Han pasado más de venticinco años desde el día en que Nuestro Predecesor de santa memoria dirigó por primera vez, valiéndose "del admirable invento marconiano", un solemne mensaje "a través de los cielos a todas las gentes y a toda criatura"4
El mismo gran Pontífice, pocos años después, daba apostólicas enseñanzas sobre el recto uso del cine al Venerable Episcopado de los Estados Unidos con la memorable Encíclica"Vigilanti cura"5 declarado "necesario y urgente el procurar que también en esta materia los progresos del arte, de la ciencia y de la misma perfección de la técnica humana, puesto que son verdaderos dones de Dios, se ordenan a la gloria de Dios y a la salvación de las almas, y sirven prácticamente para la dilatación del reino de Dios en la tierra"6
Nós mismo, durante Nuestro Pontificado, en diversas ocasiones hemos recordado a los Pastores a las diversas ramas de la Acción Católica y a los educadores, los deberes cristianos relativos a las formas modernas de difusión de los espectáculos.

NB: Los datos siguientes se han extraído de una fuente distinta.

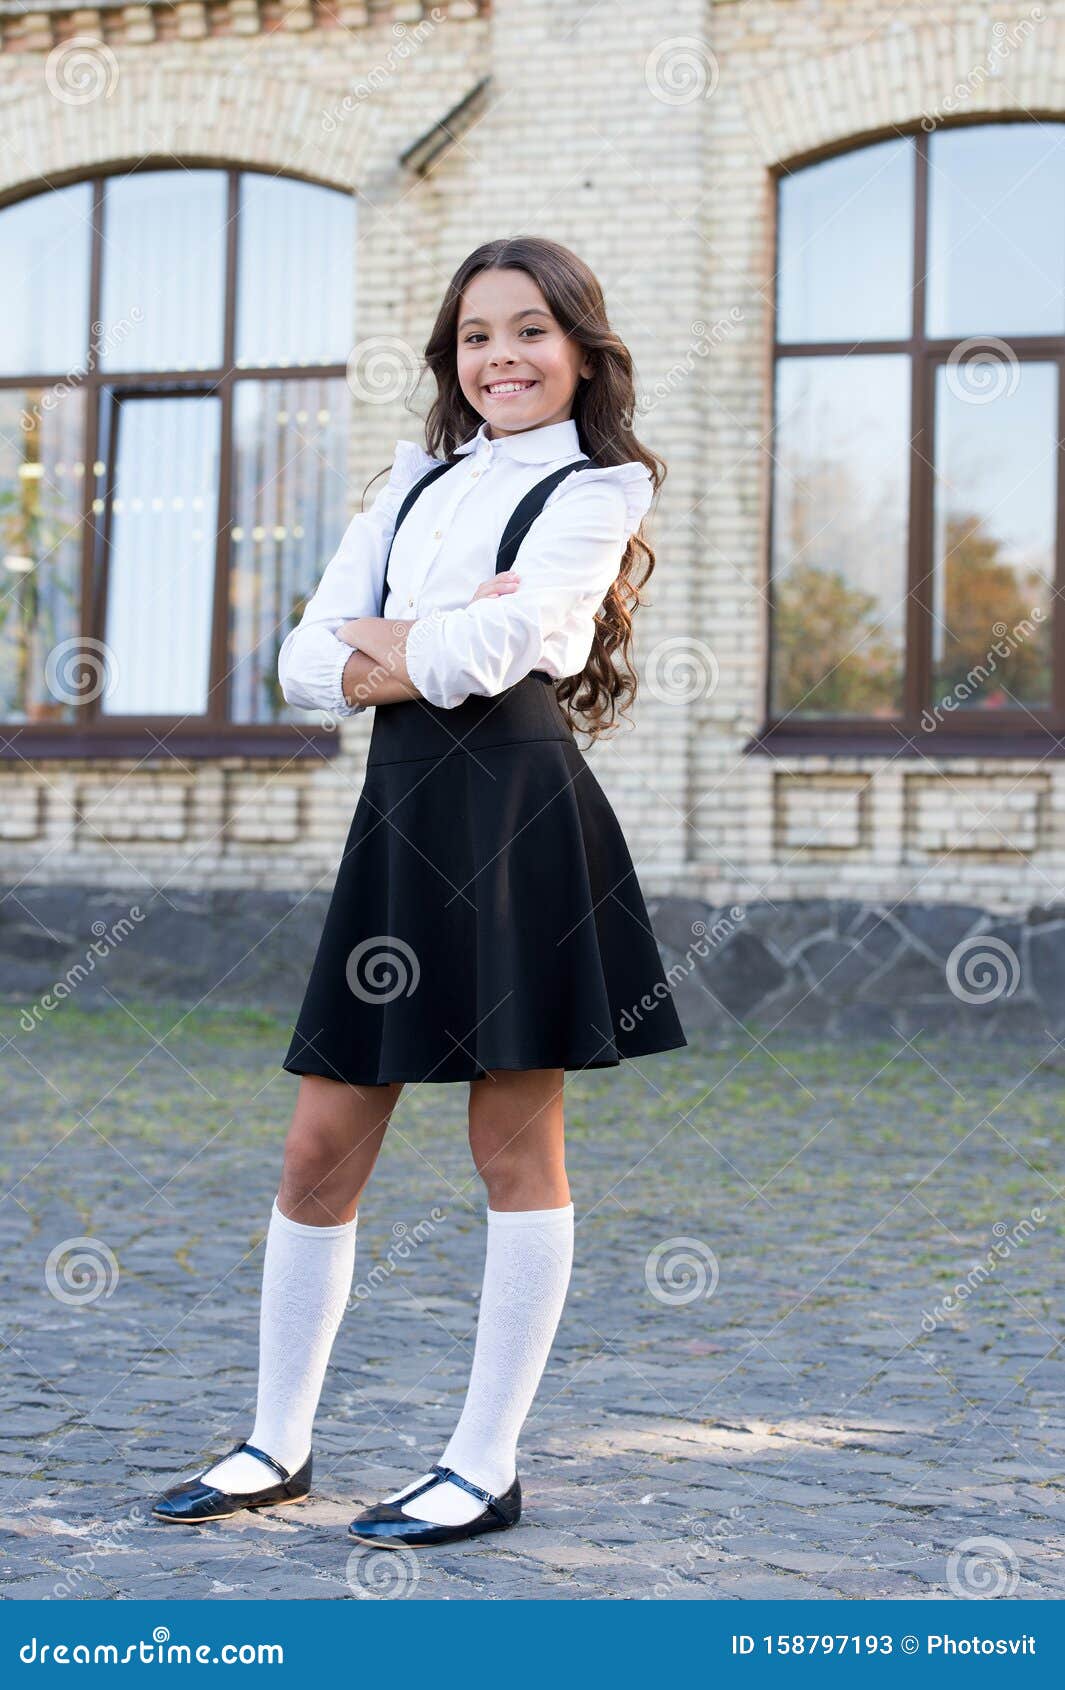 Daily Outfit. Adorable Schoolgirl. Perfect Matching Clothes. Kids Clothes.  School Fashion Stock Image - Image of beauty, adorable: 158797193
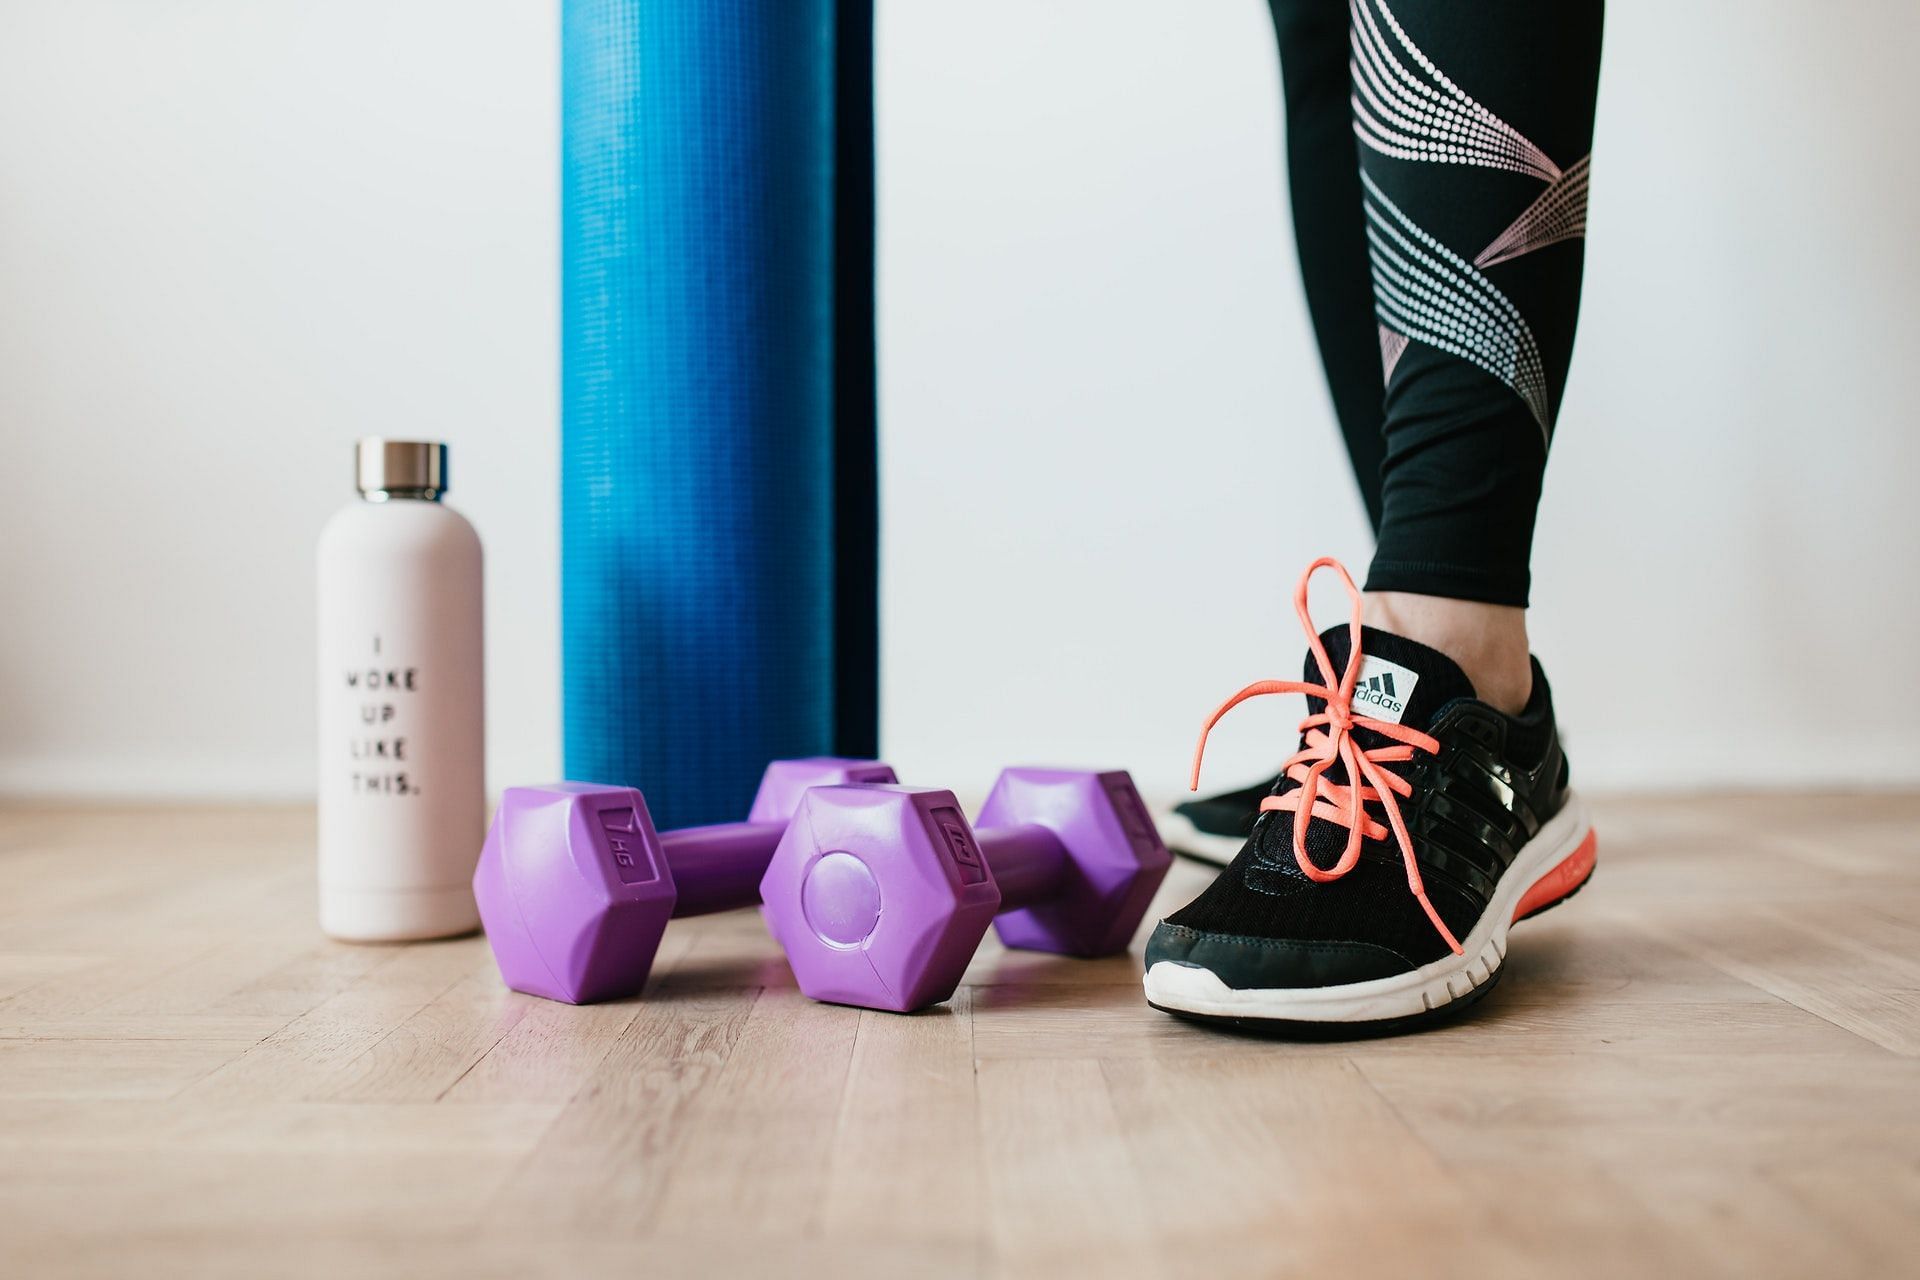 Hamstring exercises helps to keep the legs and lower body strong. (Photo by Karolina Grabowska via pexels)

Gustosamente hemos admitido a Nuestra presencia a las varias categorías sociales del mundo del cine, de la radio y de la televisión, para expresarles Nuestra admiración por la técnica y por el arte que cultivan, recordarles los peligros, indicando los altos ideales que deben iluminar su nada fácil e importante oficio.
Ha cuidado también Nuestra paterna solicitud de crear en la Curia Romana una expresa Comisión permanente7 con la misión de estudiar los problemas del cine, de la radio y de la televisión, que se relacionan con la fe y la moral, a la cual así los Obispos como las competentes Oficinas puedan dirigirse para pedir consejo y segura orientación en materia tan compleja.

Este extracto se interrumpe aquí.